MacFusion requires the installation of an OSX kernel extenstion and some associated tools. OSXFuse provides the needed extension. OSXFuse implements a so called ” FileSystem in USErspace”. This technology is described here. There exist FUSE kernel modules for most flavors of unix and linux.  The procedure for installing OSXFuse and MACFusion is described below.

  1. Downloaded OSXFUSE from sourceforge repository
    http://sourceforge.net/projects/osxfuse/
  2. install OSXFUSE
    Launch the OSXFUSE installer and perform a custom install.  Be sure to select “MacFuse Compatibility Layer” in the Custom Install screen. After installing the kernel extension it may, or may not, be necessary to reboot your mac.Screen Shot 2014-02-13 at 1.25.09 PM
  3. Download and install the Macfusion app from:
    http://macfusionapp.org
  4.   Startup MacFusion, and create an entry for jhpce-transfer01.jhsph.edu — enter your login and password.
    — select a mount point, e.g. ~/jhpce/myhome/
  5. Once the drive is mounted, you can cd to the directory in the shell or view it  in a window on your desktop.

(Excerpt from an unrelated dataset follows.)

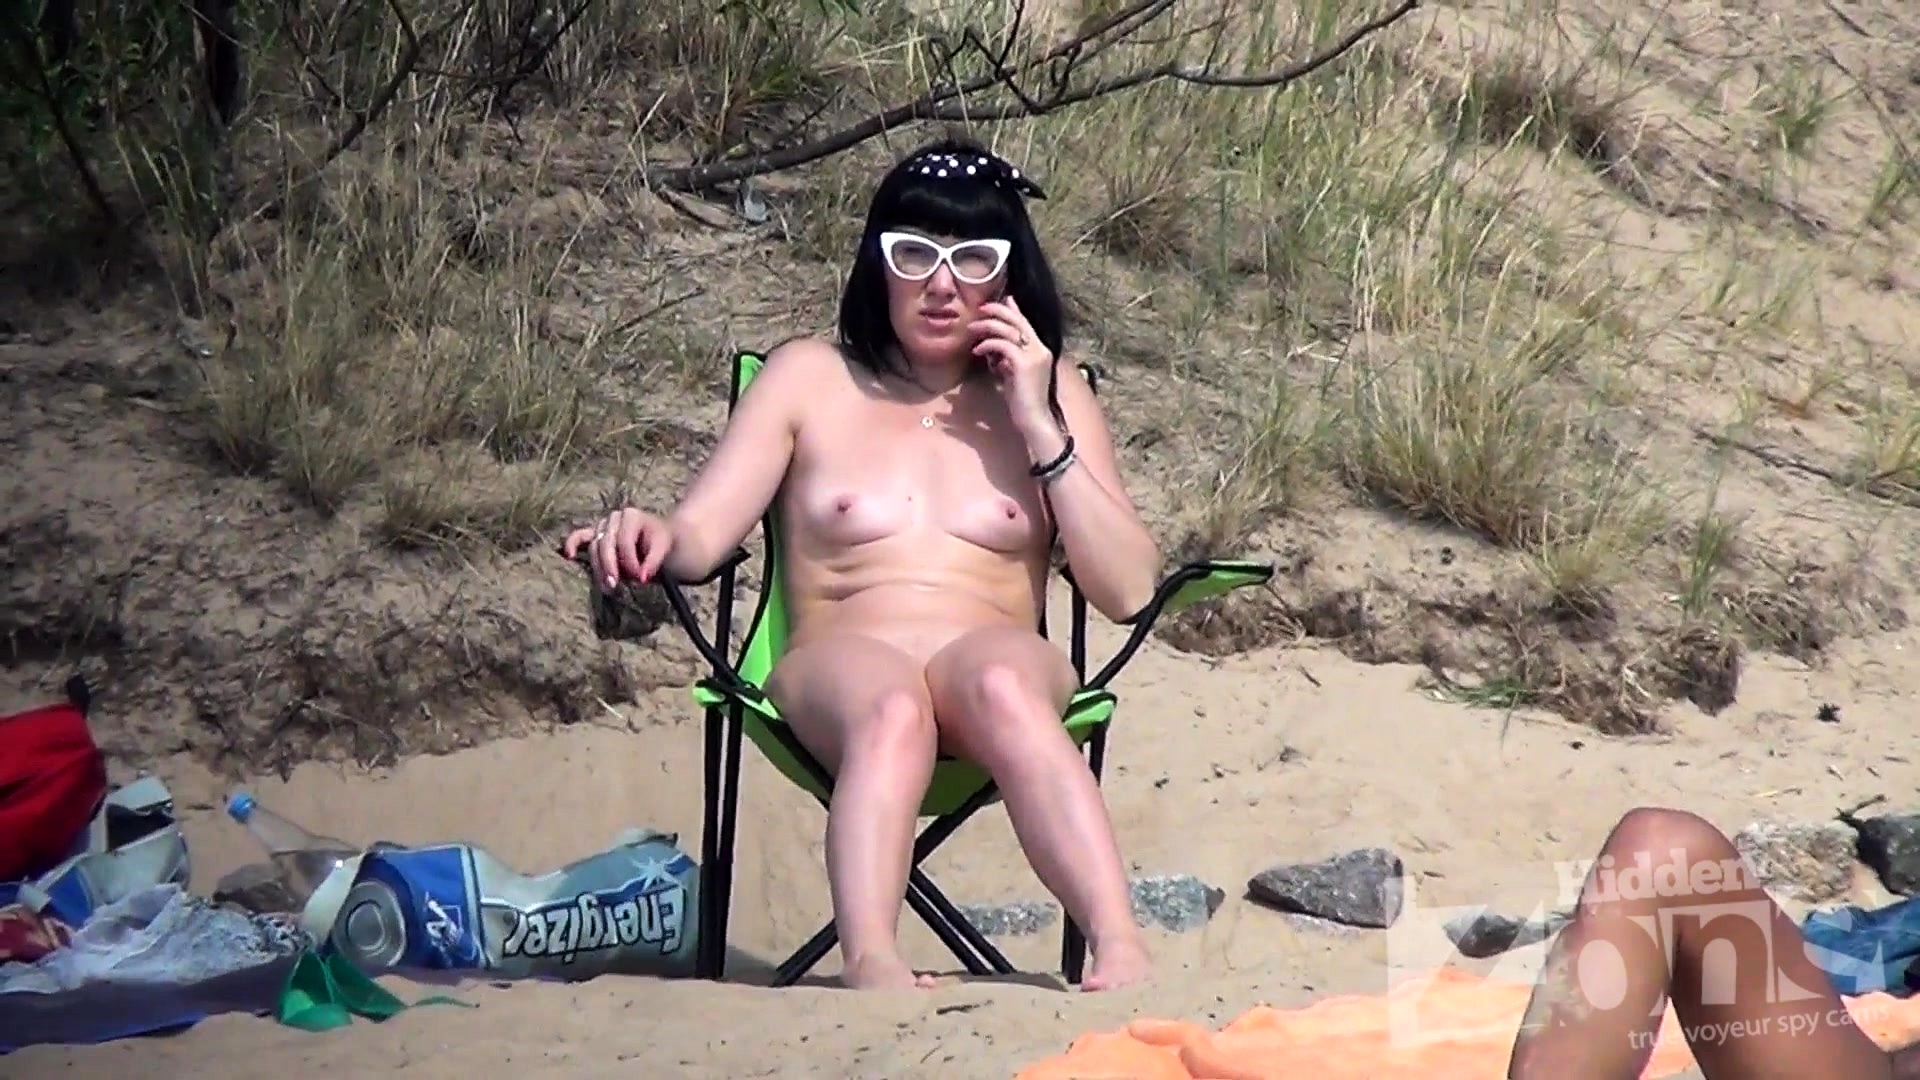 Free Mobile Porn Videos - Public Voyeur Enjoys Nude Beach Sex - 3354604 foto afbeelding

To do this you need to “Reveal” the drive by pressing ⌘-R.  Once the directory is revealed, you can drag and drop files into the director in the usual way you drag and drop files into any directory on your mac.

ftp

We don’t have the ftp client installed on the cluster.  It is an older, less secure, unencrypted channel for transferring files.  However if you are downloading files from an older site that does not support SFTP or one of the other more modern mechanisms, you have a couple of options for ftp.

If you want to be able to interactively browse through the ftp site you can use the “lynx” text based browser command:

lynx ftp://USER@ftp.site.gov

Once connected, you can then use the arrow keys to move around the site, and to select a file to download or a directory to descend into.

If you know the exact path to the file you want, you can use the “wget” command:

wget ftp://USER:PASSWORD@ftp.site.gov/path/to/file

All of these should be done from the “rnet” queue to make use of our high speed ScienceDMZ network connection.